**YOUR OBJECTIVE**
In the records below, pick out all lines containing the word "Tiffany".

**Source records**
※
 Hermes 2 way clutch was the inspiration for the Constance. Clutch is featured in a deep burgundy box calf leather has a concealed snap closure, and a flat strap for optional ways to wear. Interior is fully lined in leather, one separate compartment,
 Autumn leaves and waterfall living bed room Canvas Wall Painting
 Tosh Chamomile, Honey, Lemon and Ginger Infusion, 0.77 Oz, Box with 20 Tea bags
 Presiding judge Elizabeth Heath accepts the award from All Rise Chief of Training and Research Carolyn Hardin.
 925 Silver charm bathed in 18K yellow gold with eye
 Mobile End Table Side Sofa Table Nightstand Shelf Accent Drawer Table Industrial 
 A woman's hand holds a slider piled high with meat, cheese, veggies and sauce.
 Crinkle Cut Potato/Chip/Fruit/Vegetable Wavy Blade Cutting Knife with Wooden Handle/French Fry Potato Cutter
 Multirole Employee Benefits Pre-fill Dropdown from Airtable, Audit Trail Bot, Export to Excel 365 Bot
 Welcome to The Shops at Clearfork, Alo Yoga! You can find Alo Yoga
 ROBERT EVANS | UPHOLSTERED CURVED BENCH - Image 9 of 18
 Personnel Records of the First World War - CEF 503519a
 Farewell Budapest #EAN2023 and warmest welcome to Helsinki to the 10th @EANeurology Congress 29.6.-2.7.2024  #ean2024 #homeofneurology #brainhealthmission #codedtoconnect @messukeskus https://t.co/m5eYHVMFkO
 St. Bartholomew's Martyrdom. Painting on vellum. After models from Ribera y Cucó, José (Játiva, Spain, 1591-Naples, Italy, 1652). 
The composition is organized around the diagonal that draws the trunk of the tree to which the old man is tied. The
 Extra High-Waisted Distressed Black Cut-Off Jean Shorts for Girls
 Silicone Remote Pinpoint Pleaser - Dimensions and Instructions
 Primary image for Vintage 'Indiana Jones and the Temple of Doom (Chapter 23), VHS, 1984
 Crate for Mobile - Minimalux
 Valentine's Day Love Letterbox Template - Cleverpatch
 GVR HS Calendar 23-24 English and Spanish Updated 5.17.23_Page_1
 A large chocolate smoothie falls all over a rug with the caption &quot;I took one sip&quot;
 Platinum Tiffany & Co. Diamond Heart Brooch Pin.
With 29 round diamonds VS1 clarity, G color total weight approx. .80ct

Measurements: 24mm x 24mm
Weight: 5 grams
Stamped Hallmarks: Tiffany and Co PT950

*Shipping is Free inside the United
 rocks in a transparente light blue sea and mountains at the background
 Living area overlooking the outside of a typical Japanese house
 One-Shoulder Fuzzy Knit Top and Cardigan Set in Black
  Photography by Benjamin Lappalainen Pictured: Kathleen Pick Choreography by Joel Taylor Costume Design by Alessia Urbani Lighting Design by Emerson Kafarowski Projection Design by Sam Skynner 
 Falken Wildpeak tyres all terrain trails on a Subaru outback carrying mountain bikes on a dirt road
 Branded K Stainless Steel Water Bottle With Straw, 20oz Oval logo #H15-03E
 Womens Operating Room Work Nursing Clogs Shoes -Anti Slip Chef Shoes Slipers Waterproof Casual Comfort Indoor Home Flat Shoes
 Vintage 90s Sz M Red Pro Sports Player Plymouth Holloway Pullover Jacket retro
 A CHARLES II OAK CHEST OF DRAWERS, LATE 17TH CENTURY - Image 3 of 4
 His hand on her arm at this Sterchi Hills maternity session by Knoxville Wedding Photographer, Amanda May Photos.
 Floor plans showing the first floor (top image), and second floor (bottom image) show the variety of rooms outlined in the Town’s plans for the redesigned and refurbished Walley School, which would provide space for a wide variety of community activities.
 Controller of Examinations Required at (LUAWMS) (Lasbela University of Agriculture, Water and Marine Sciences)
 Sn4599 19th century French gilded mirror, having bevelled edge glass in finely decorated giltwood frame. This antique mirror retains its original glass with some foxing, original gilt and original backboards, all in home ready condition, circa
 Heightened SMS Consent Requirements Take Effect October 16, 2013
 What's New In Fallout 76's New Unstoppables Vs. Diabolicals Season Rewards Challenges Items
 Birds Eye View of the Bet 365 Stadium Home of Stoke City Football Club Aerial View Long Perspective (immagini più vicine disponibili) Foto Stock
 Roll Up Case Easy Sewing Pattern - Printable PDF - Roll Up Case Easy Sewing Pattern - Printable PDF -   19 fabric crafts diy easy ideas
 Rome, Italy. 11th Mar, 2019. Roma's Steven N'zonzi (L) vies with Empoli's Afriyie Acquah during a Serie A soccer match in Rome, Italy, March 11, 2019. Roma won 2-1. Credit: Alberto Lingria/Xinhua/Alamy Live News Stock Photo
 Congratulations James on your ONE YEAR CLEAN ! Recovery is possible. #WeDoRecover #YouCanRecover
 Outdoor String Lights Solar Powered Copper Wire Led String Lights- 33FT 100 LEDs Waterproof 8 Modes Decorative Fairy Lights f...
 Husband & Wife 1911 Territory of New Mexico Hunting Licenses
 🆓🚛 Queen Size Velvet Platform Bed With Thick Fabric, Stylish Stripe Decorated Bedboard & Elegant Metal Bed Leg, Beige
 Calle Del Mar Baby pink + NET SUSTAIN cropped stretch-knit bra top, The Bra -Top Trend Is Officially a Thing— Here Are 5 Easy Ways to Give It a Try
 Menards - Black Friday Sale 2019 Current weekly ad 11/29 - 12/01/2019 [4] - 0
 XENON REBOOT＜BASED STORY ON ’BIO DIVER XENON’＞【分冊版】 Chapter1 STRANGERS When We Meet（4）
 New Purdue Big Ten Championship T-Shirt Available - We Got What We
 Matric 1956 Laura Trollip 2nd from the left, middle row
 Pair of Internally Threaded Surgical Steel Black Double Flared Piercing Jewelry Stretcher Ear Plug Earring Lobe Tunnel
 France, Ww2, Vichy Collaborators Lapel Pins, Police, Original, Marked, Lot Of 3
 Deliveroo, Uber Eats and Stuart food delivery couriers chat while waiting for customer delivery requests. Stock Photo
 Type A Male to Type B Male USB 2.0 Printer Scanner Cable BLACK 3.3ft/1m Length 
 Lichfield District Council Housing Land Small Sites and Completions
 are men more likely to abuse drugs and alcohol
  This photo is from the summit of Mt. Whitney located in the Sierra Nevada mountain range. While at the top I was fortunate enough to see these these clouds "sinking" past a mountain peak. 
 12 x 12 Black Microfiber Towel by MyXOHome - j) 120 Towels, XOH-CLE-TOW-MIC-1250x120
※
**ANSWER TO THIS PROBLEM**
 Platinum Tiffany & Co. Diamond Heart Brooch Pin.
Stamped Hallmarks: Tiffany and Co PT950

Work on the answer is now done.